Detection of abnormal number of 19p13.42 loci.

Neurologic Tumors - Oligodendroglioma: NCCN guidelines recommend radiotherapy for high-risk patients with low-grade gliomas. Low-risk features: 1. oligodendroglial or mixed oligodendroglial astrocytoma; 2. age <40 years; 3. KPS ≥70; 4. tumor diameter <6 cm; 5. minimal or no neurologic deficits; 6. double deletion of 1p/19q and IDH1/2 mutation.
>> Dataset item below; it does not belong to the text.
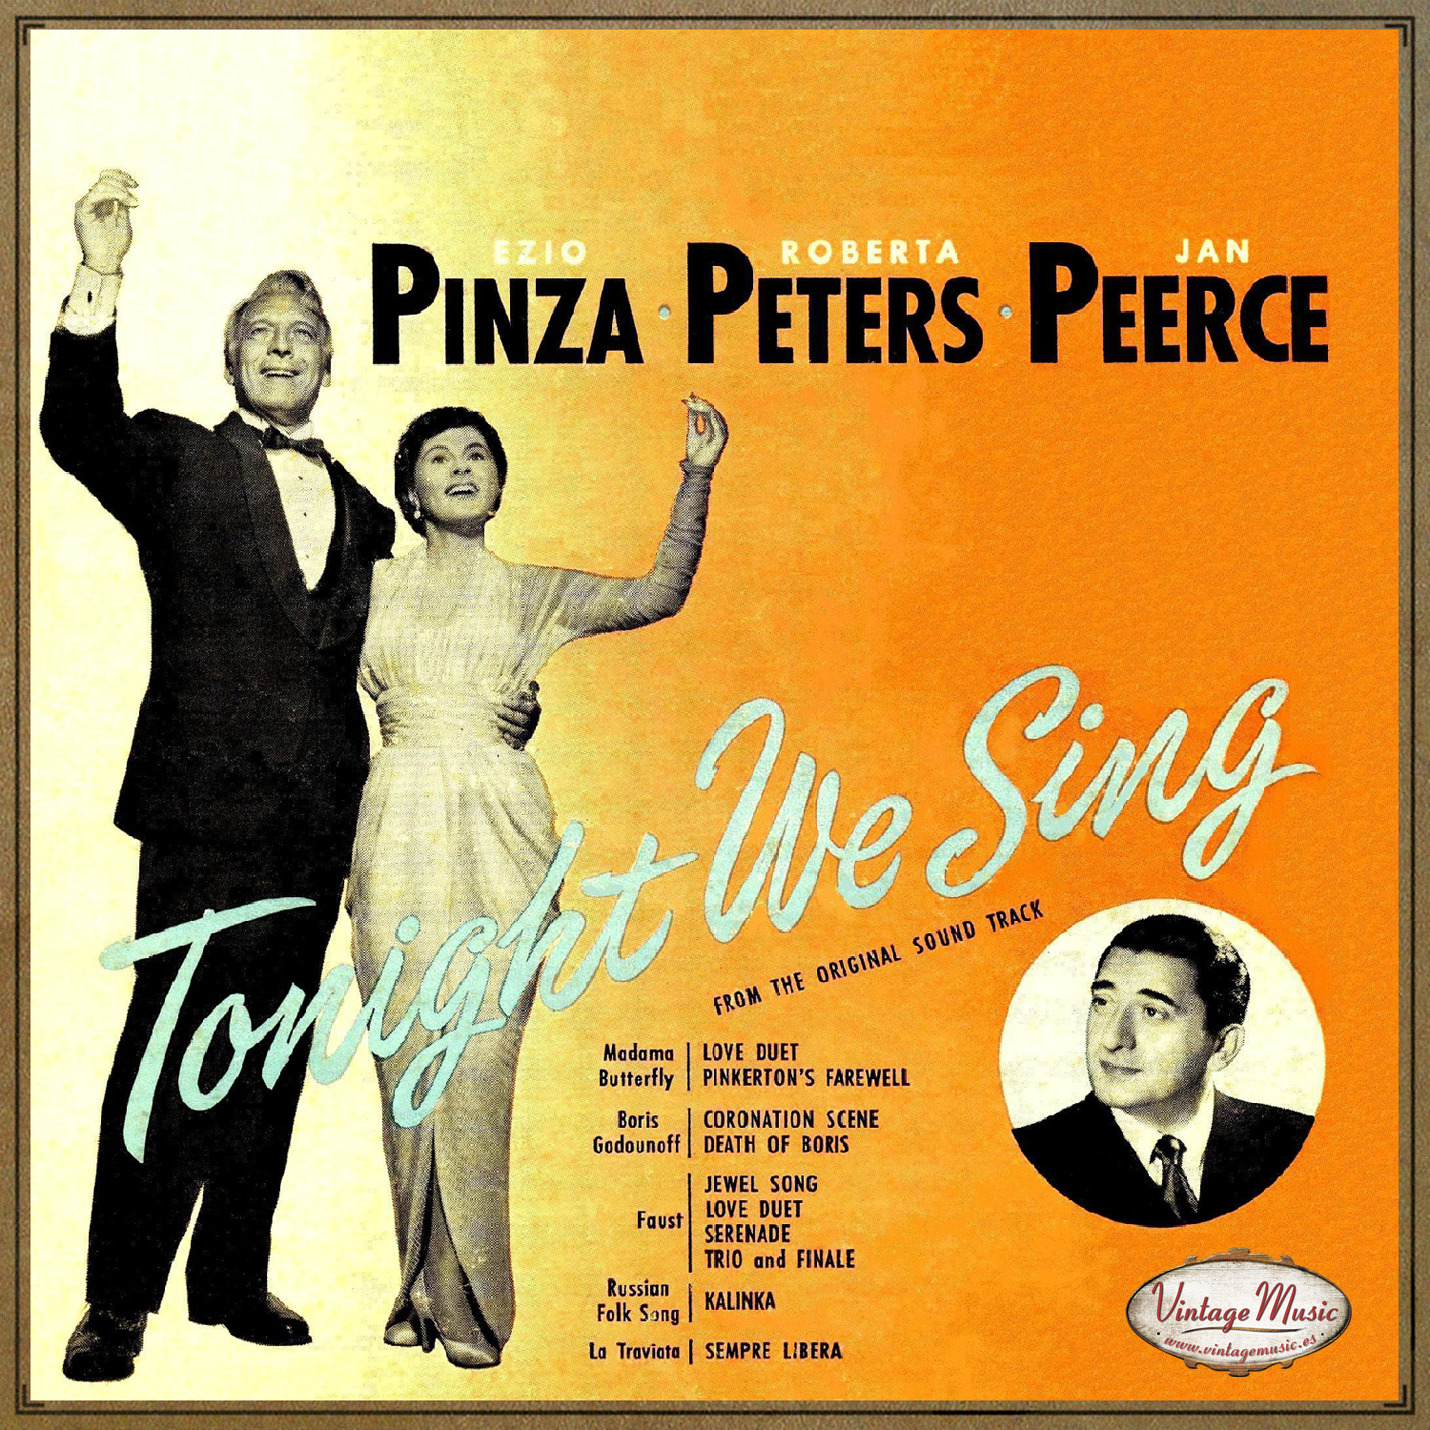 TONIGHT WE SING CD Vintage / Ezio Pinza - Roberta Peters -...
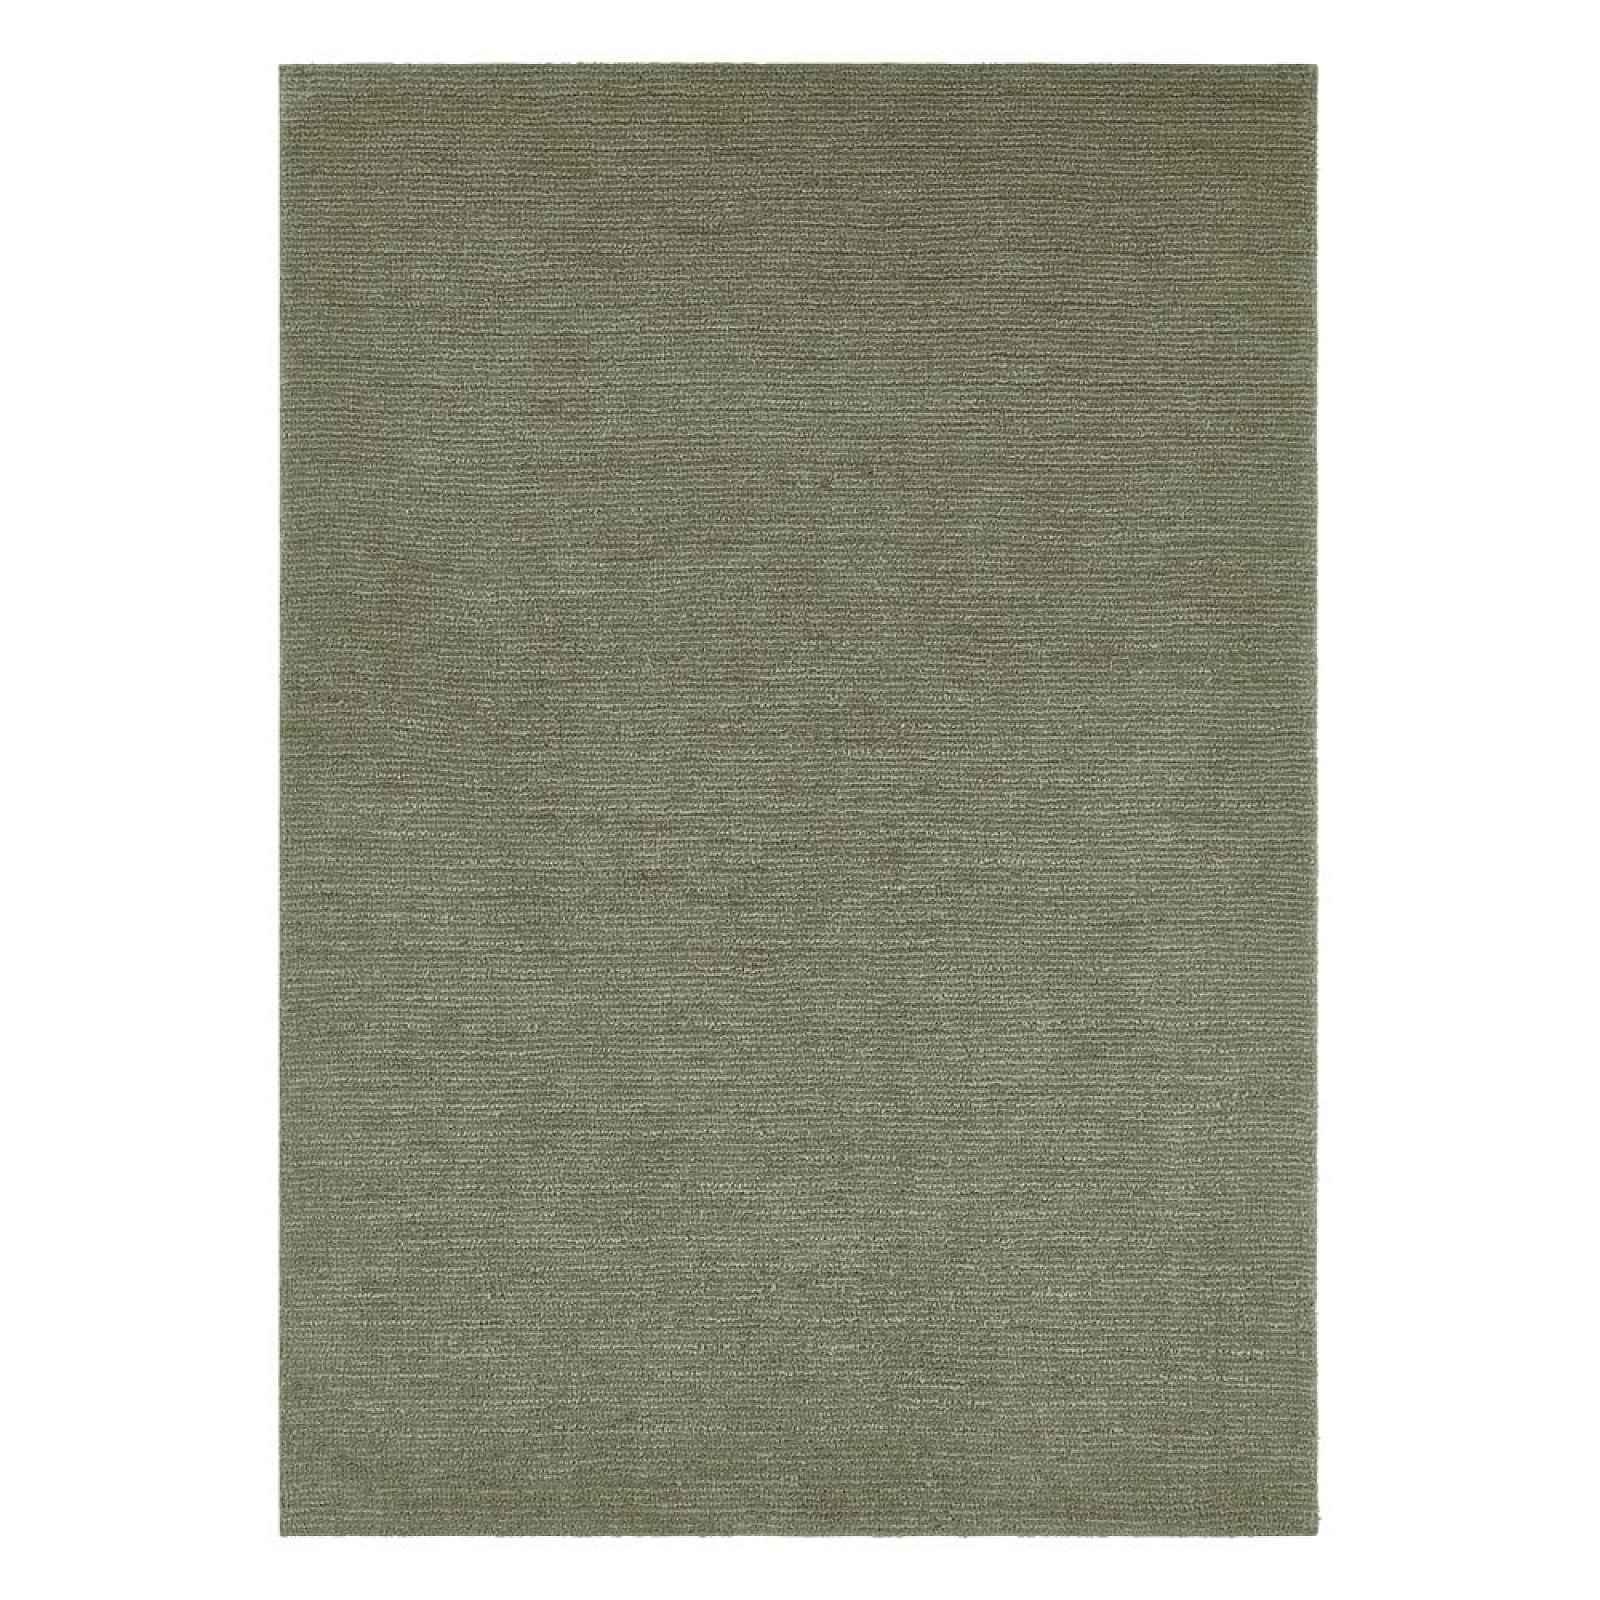 Tmavě zelený koberec Mint Rugs Supersoft, 200 x 290 cm

High-risk features (3 or more risk factors): 1. astrocytoma; 2. age ≥40 years; 3. KPS <70; 4. tumor diameter ≥6 cm; 5. tumor spanning the midline; 6. preoperative neurologic deficit or not to a lesser extent neurologic dysfunction; 7. single deletion or no deletion of 1p/19q; and 8. absence of mutation of IDH1/2.The 1p/19q co-deficiency is present in both grade II and 80%-90% and 50%-70% in grade III oligodendrogliomas; 50%-70% in mesenchymal oligodendrogliomas; 30%-50% in oligodendroglial astrocytomas; and 20%-30% in mesenchymal oligodendroglial astrocytomas, respectively.The clinical significance of 1p/19q co-deletion is different from that of deletion of either 1p or 19q alone.In 2016, the NCCN stated that Mesenchymal oligodendrogliomas and mesenchymal oligodendroglial astrocytomas with 1p/19q co-deletion cannot be treated with chemotherapy alone. Patients with a single deletion or no deletion, however, can still opt for chemotherapy alone. The presence of 1p/19q polysomes in patients with co-deletion of 1p/19q is often associated with shorter disease progression-free survival and overall survival independent of tumor grade. the presence of 1p/19q deletion correlates with the presence or absence of radiographic pseudoprogression. One study showed that pseudoprogression was 10 times more common in the 1p/19q nondeletion group than in the deletion group.